AOS-CX 10.13 Quality of Service Guide | (832x, 9300, 10000 Switch Series) 17
Egress queue shaping applies to dwrr queue for platforms in this guide.
Egress queue shaping can be configured on an Ethernet port or on a link aggregation group (LAG). To
configure egress queue shaping, define a schedule profile with the strict priority algorithm assigned to
each queue.
Egress port shaping
Egress port shaping limits the amount of aggregate traffic transmitted through a port. To be effective,
the egress port-shaping rate must be less than the port's line rate. By default, the egress port-shaping
rate is the same as the line-rate of the port. Buffers associated with each port store excess traffic. When
both egress port-shaping and egress queue-shaping are configured on the same interface, the switch
respects the minimum of both configurations.
Active Queue Management
Explicit Congestion Notification (ECN)
Explicit Congestion Notification (ECN) provides a mechanism for two end-points to exchange end-to-end
notification of network congestion. ECN uses a 2-bit field in the IP header to indicate that the traffic load
on network equipment in the path between an ECN-capable sender and receiver is causing packets to
be buffered, as defined by IETF RFC 3168 (https://tools.ietf.org/html/rfc3168).
Weighted Random Early Detection (WRED)
WRED operates by random early-dropping packets, which can be helpful in signaling data path
congestion to certain protocols. Protocols that respond to these drops slow their transmit rate in an
effort to reduce network congestion.
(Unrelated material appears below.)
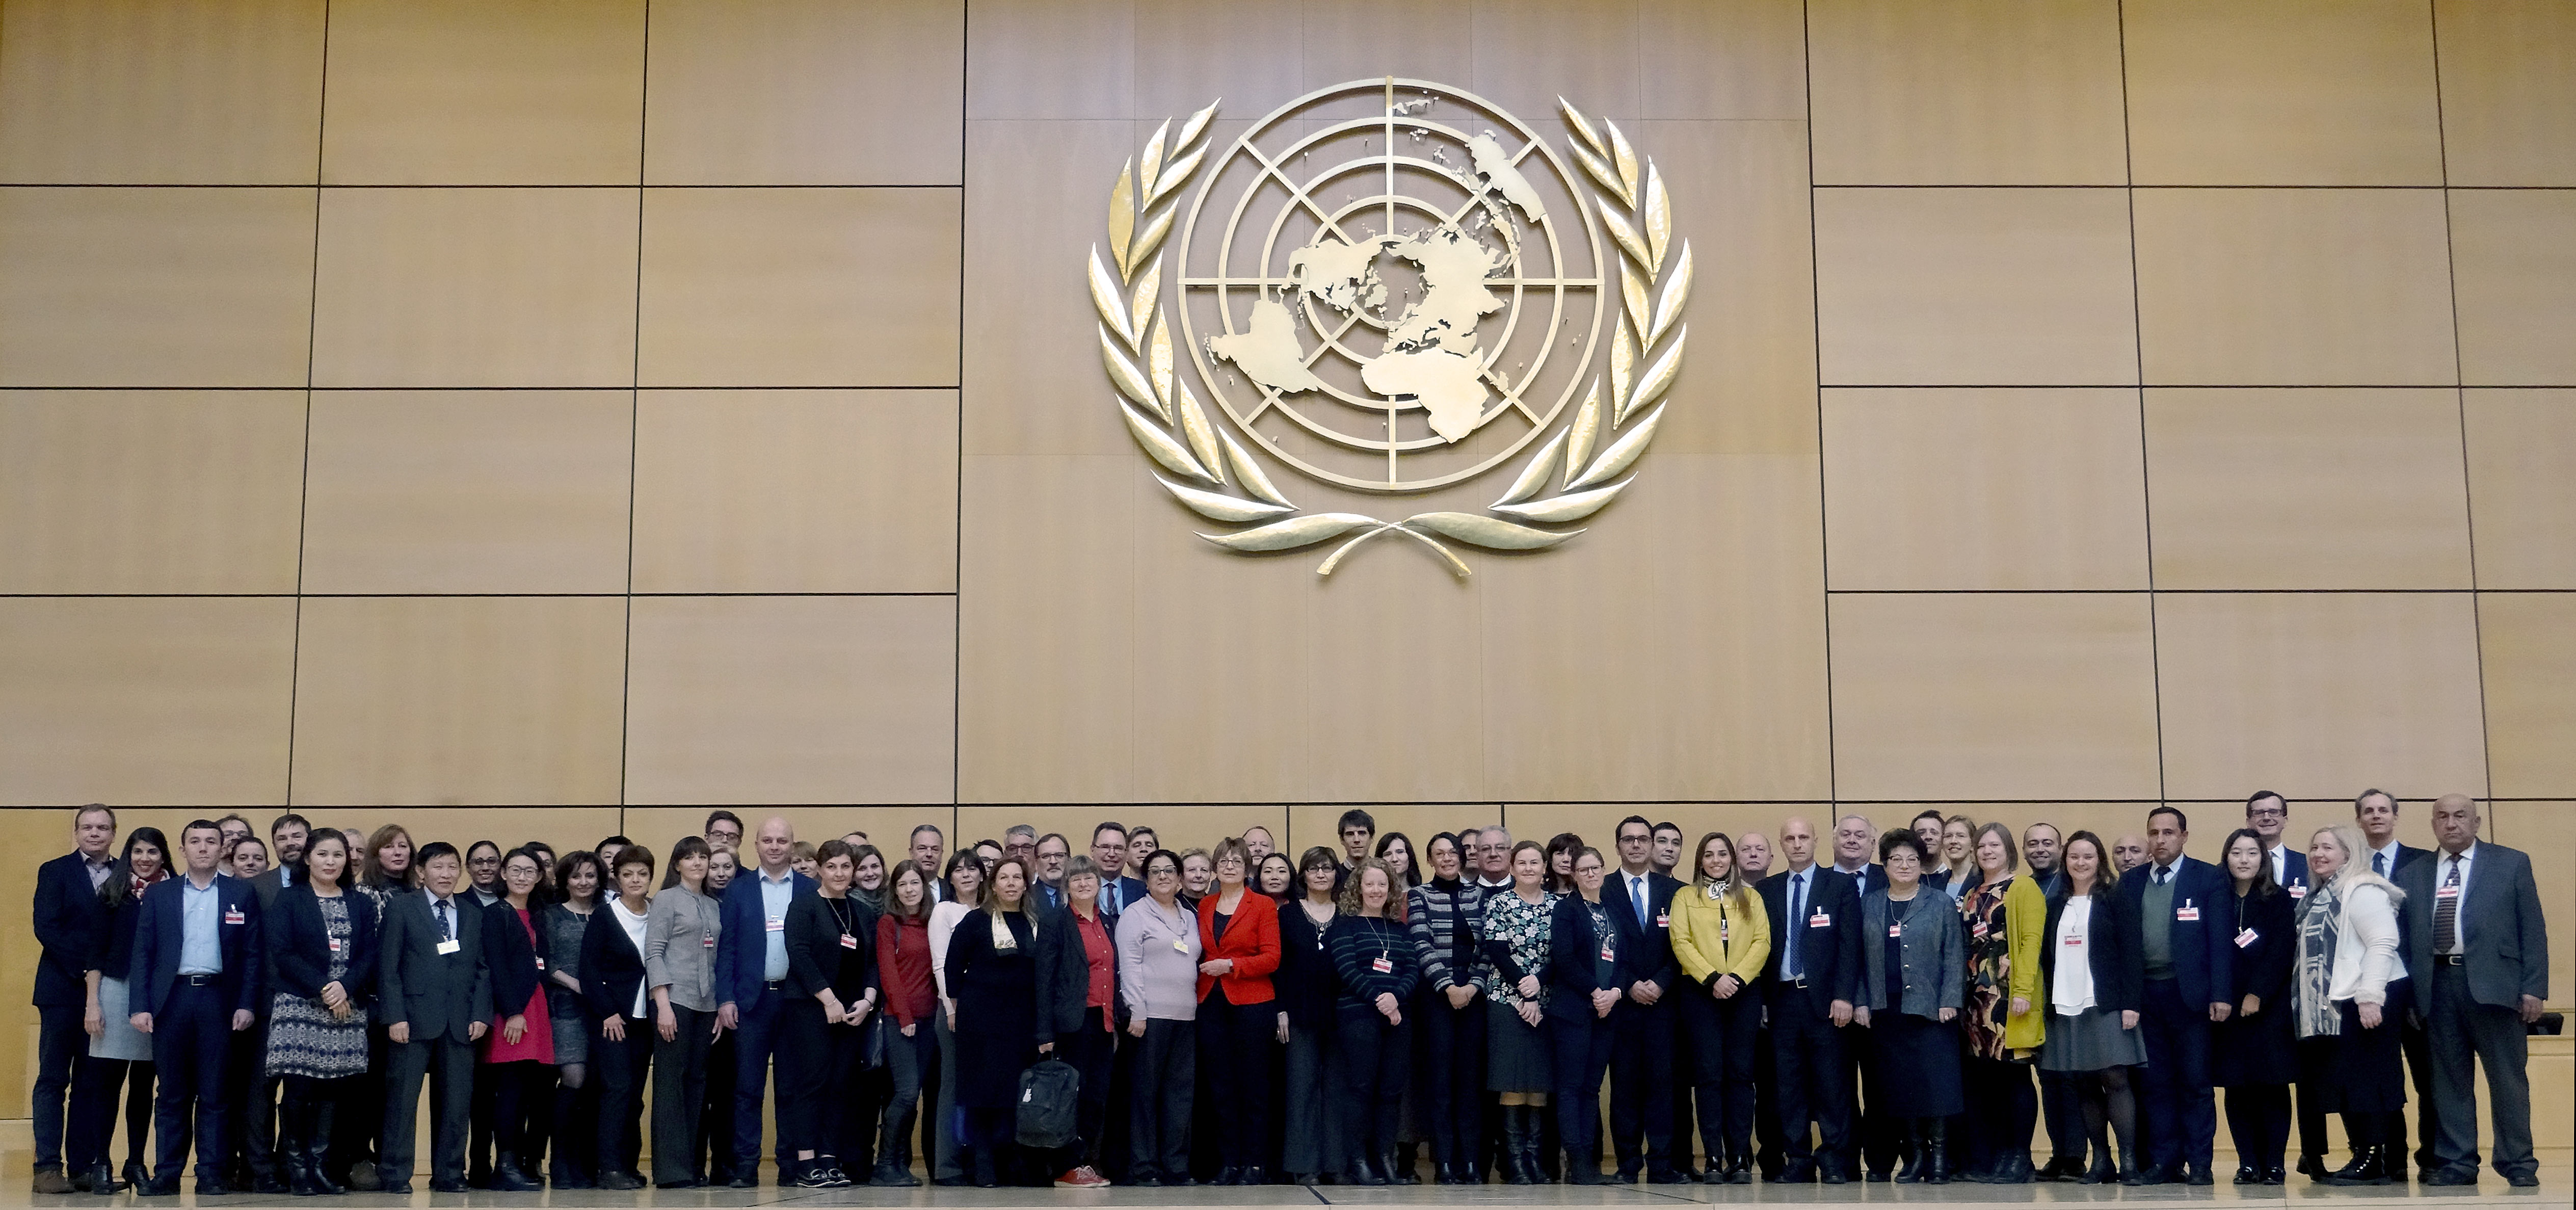 21-22 February 2018 | Joint OECD/UNECE Seminar on SEEA Implementation

WRED drops are randomized in order to avoid potential
synchronization between multiple streams using the same link. If drops occurred on all streams at the
same time, multiple senders might respond by reducing their transmit rates and then increasing. Such
synchronized behavior causes link utilization to fluctuate between high and low, wasting bandwidth.
Random dropping ensures that only some streams detect drops, and that they detect them at different
times. This results in better link utilization, as some senders continue to transmit at a higher rate while
others reduce and ramp up again.
Threshold profiles
Threshold profiles configure individual queue utilization thresholds as triggers for taking action (i.e.,
ECN marking or WRED dropping) on a packet. A threshold profile is applied per-port and defines the
thresholds and actions for each queue. Omitting configuration for a queue in a threshold profile means
that queue will not be configured with a threshold value or action.
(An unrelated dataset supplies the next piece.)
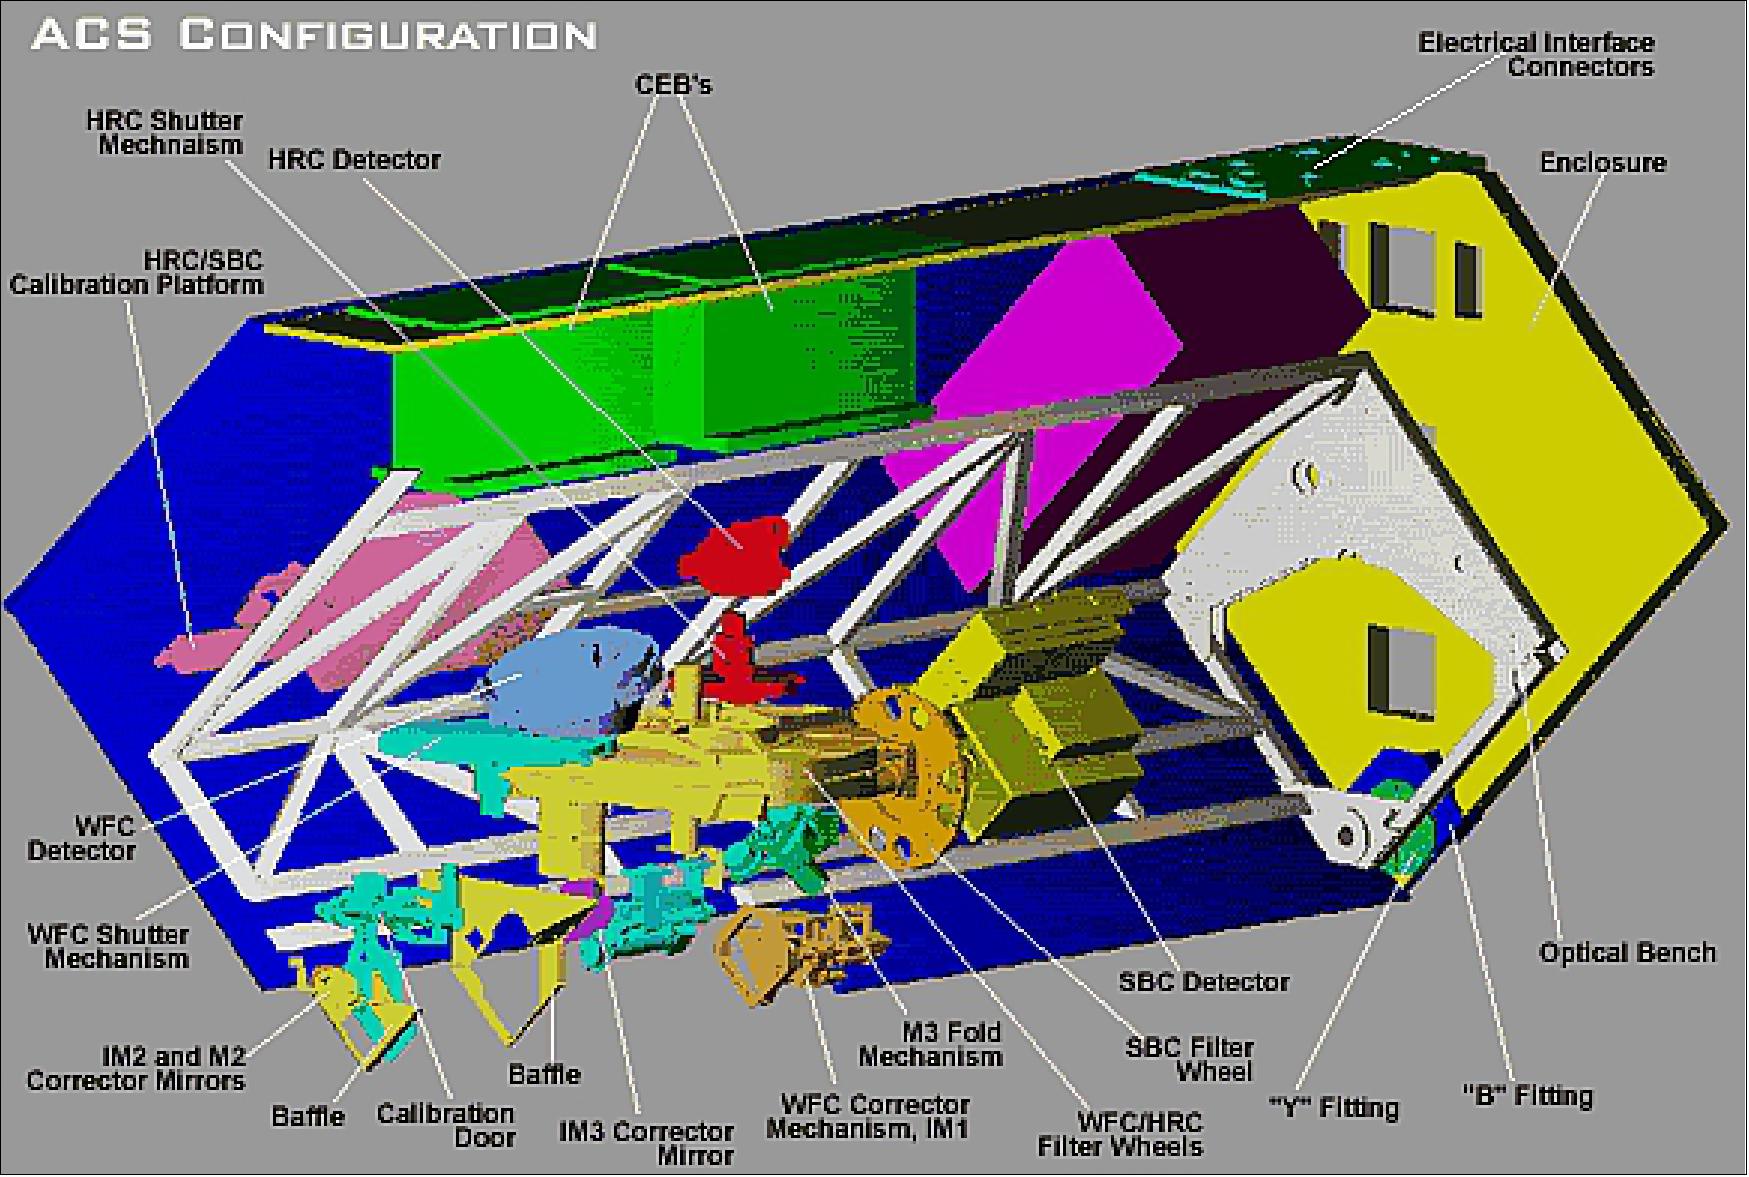 Figure 60: Illustration of the ACS instrument configuration (image credit: NASA)

In an environment where responsive transport protocols are in use and congestion management
features are required to reduce latency, ECN can be configured on queues carrying delay-sensitive
traffic. The result is that queue utilization is actively managed, resulting in ECT packets being CE marked
when queue utilization reaches or exceeds a configured threshold.
Terms
Class
For networking, a set of packets sharing a common characteristic. For example, all IPv4 packets.